(Listed entries Opens)

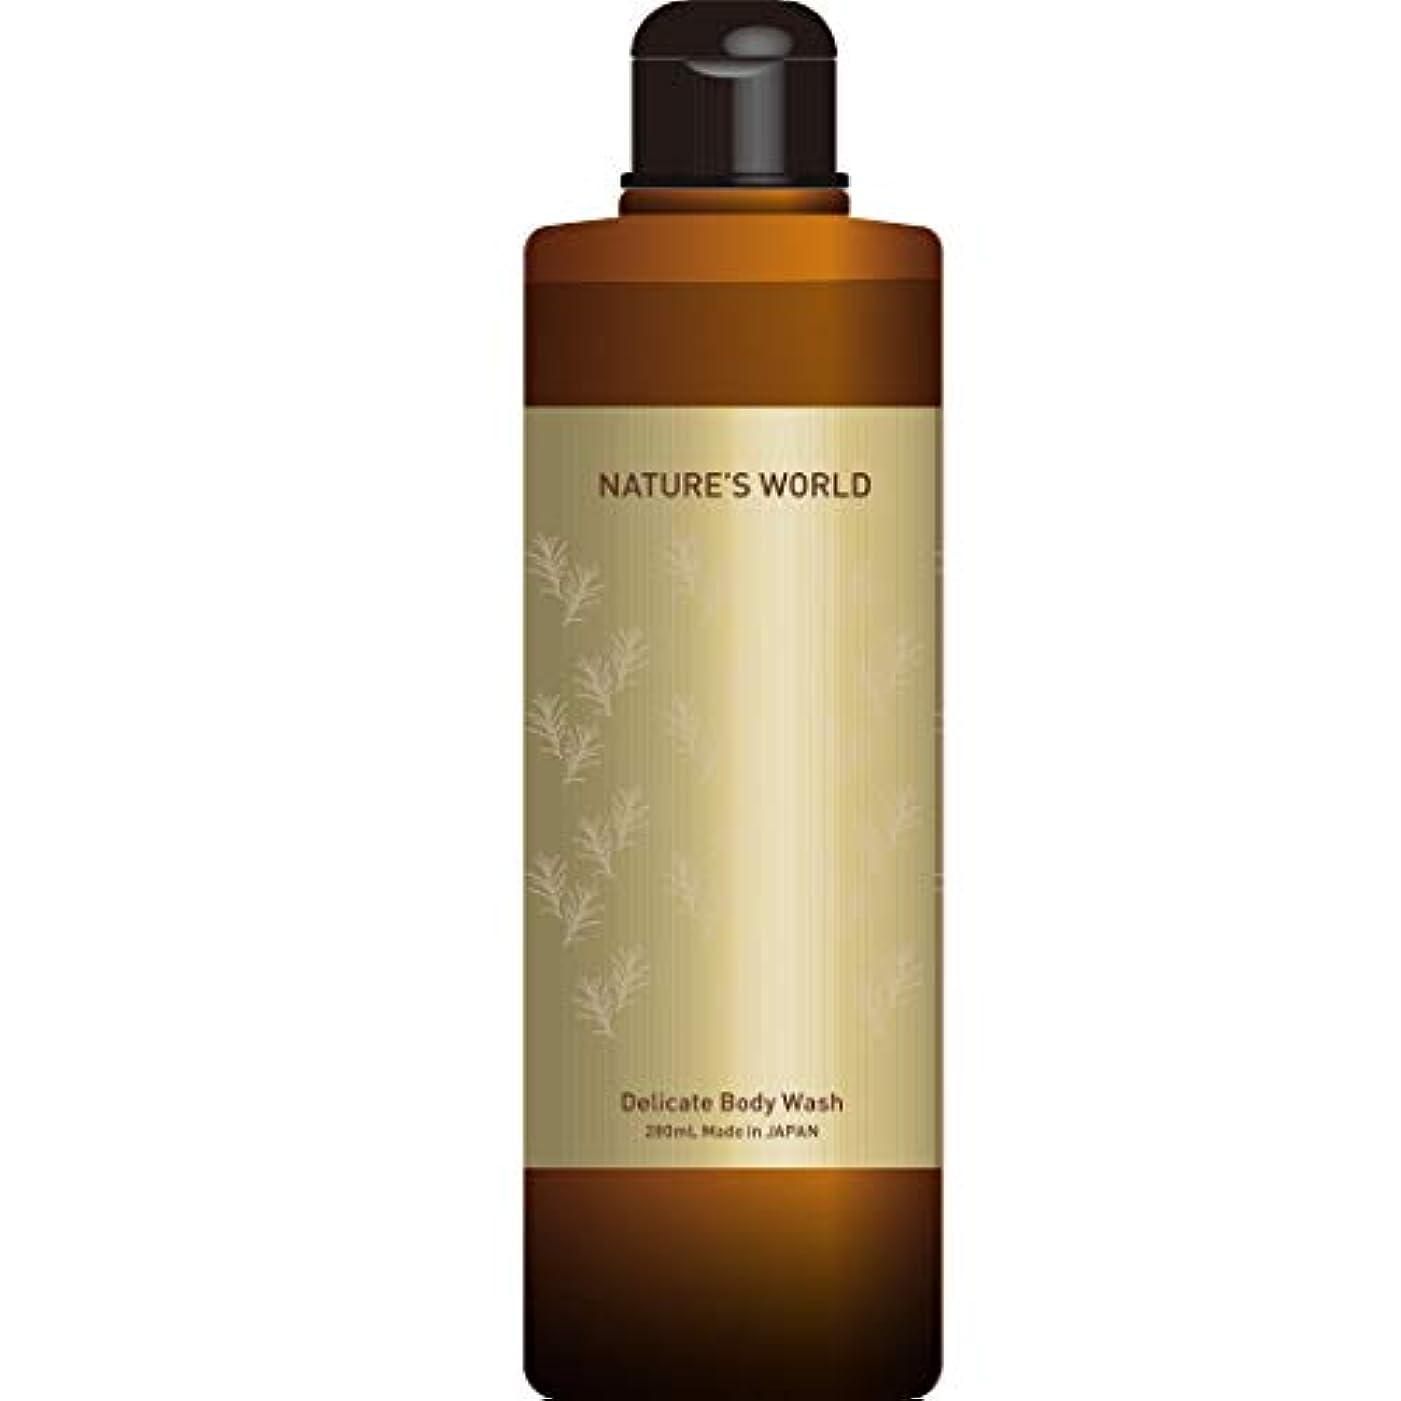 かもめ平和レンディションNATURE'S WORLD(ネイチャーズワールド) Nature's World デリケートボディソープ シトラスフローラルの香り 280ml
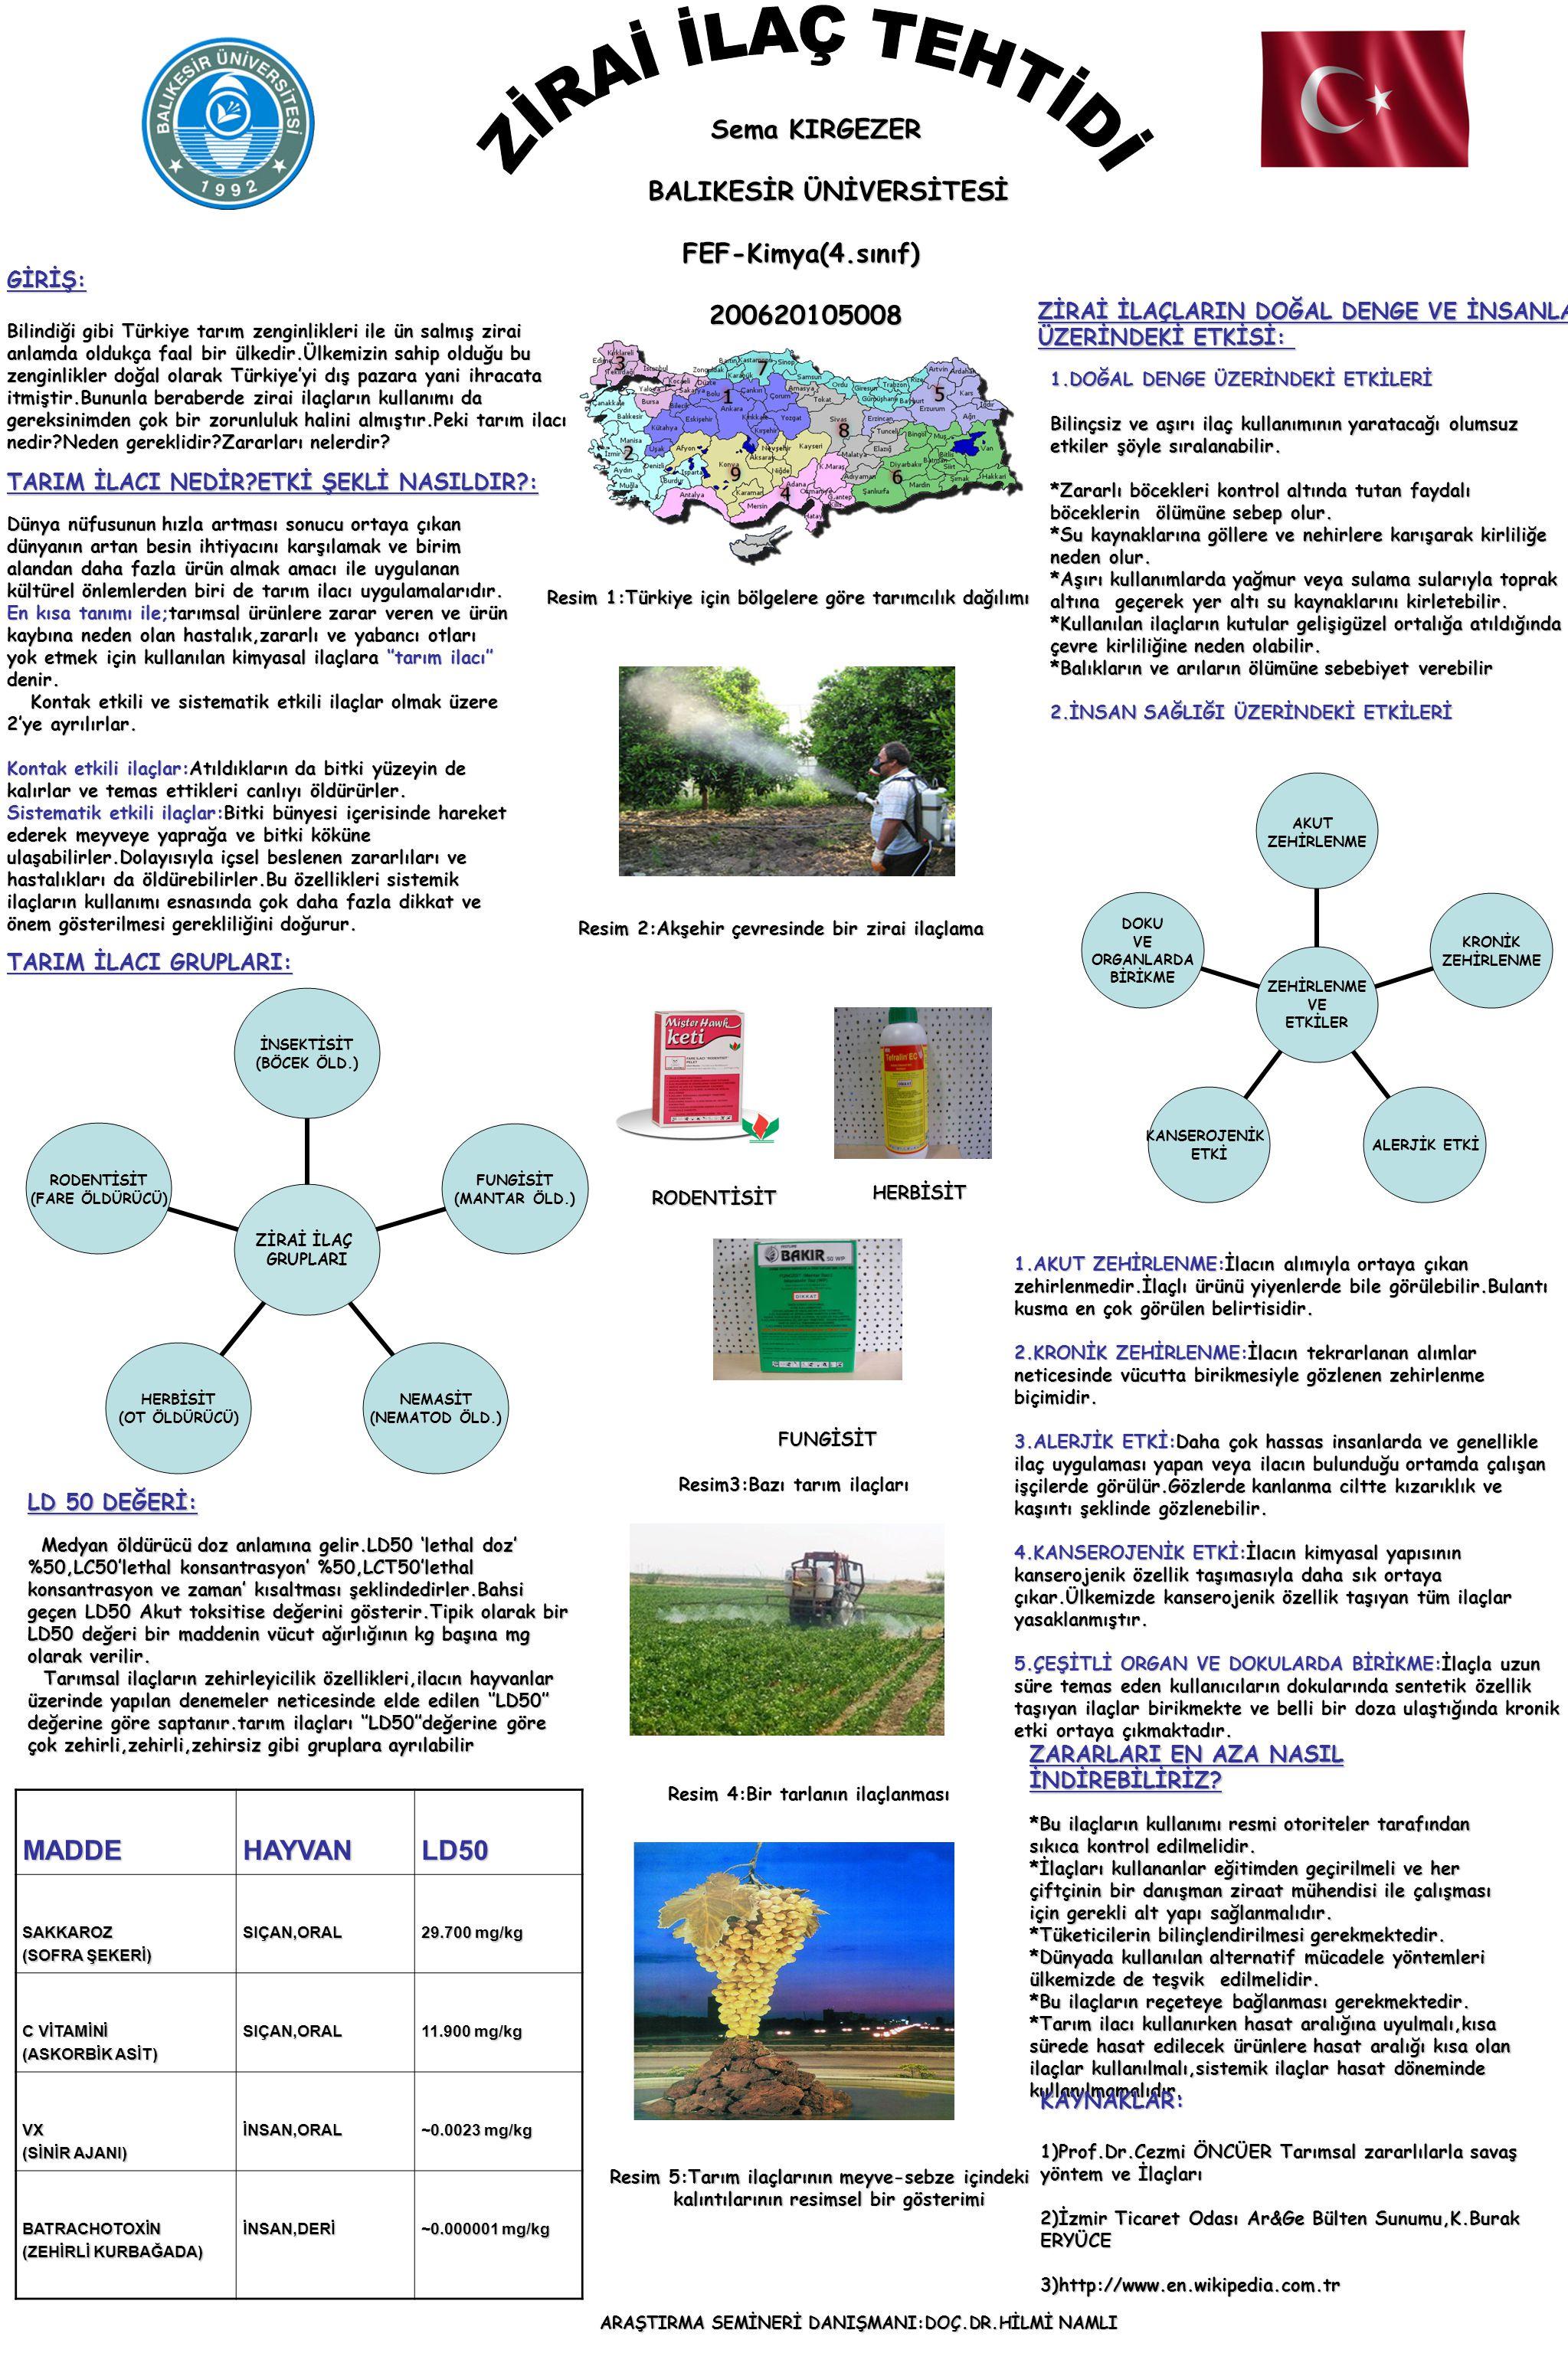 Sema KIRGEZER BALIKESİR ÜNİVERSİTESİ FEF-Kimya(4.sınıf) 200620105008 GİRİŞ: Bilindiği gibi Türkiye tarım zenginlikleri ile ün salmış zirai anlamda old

(Listed entries Closes)
(Listed entries Opens)

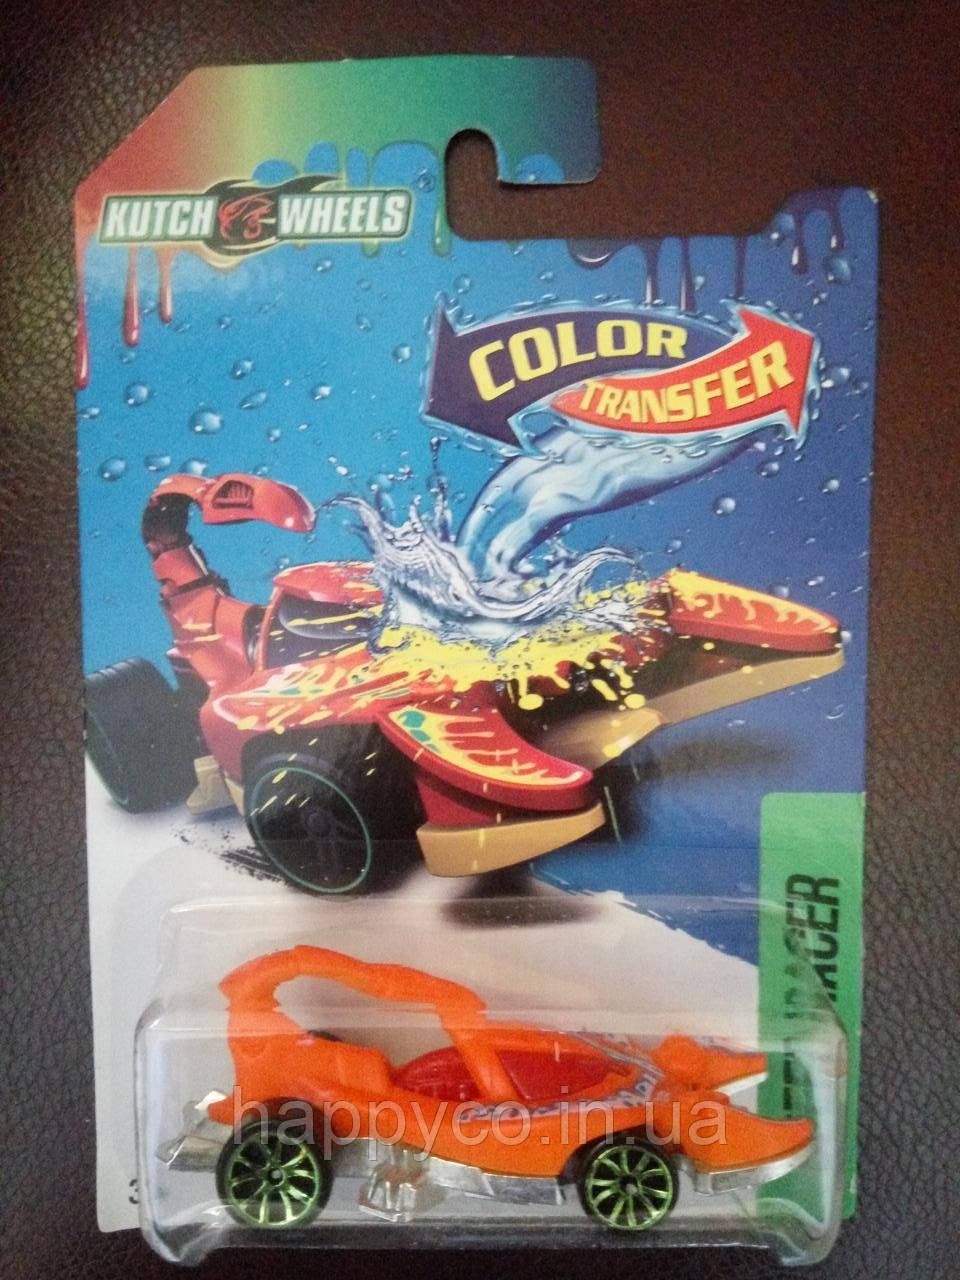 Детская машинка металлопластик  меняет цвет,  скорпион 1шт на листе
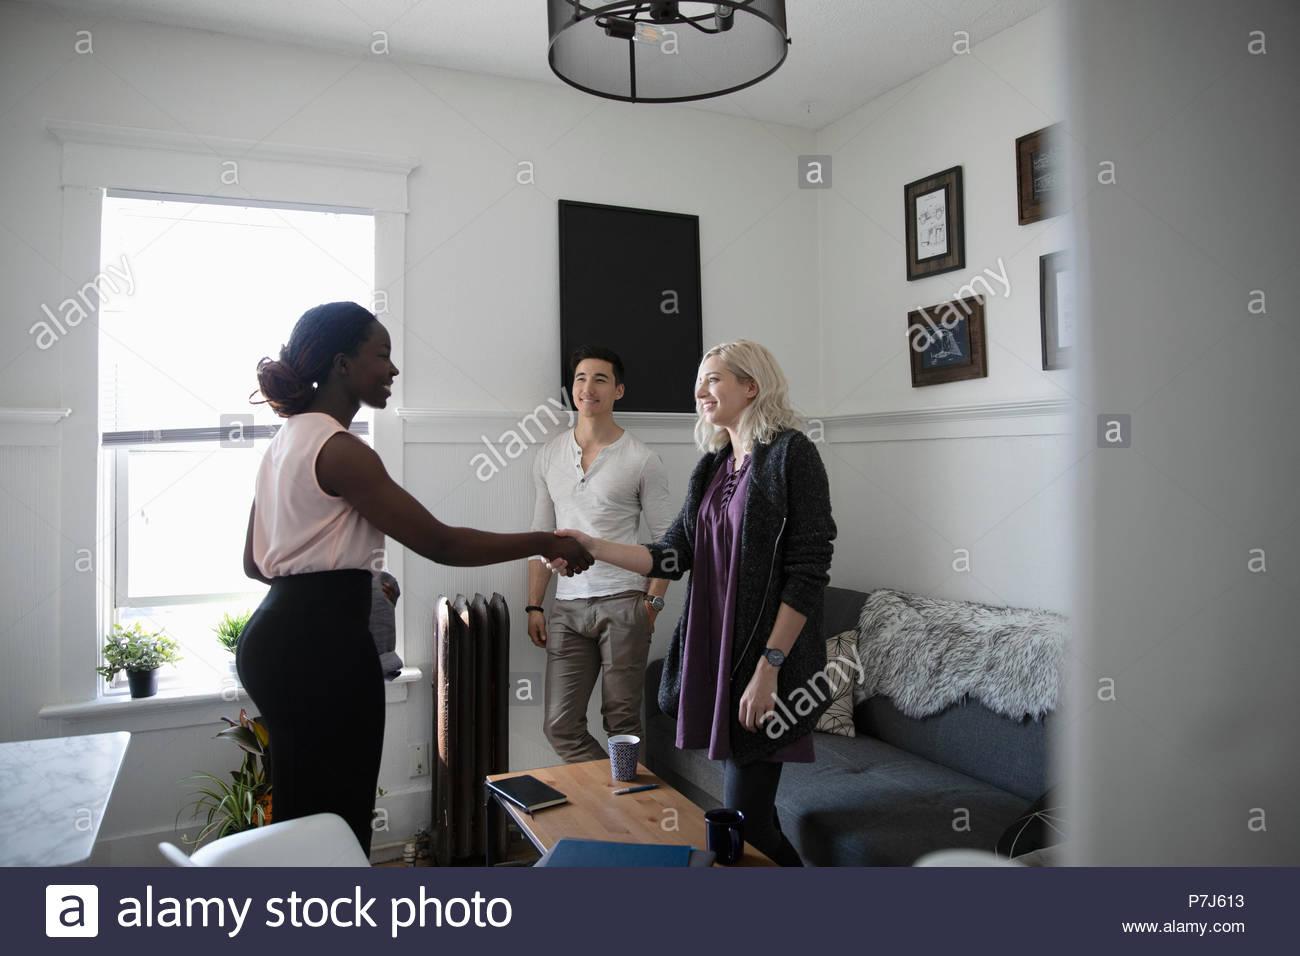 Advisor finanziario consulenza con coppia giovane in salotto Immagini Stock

(Listed entries Closes)

--- About this task ---
Those lines of the records above that run from the one containing "かもめ平和レンディションNATURE'S WORLD(ネイチャーズワールド) Nature's" through the one containing "Sema KIRGEZER BALIKESİR" should be returned exactly, with no pictures among them.

--- Task answer ---
 かもめ平和レンディションNATURE'S WORLD(ネイチャーズワールド) Nature's World デリケートボディソープ シトラスフローラルの香り 280ml
 Sema KIRGEZER BALIKESİR ÜNİVERSİTESİ FEF-Kimya(4.sınıf) 200620105008 GİRİŞ: Bilindiği gibi Türkiye tarım zenginlikleri ile ün salmış zirai anlamda old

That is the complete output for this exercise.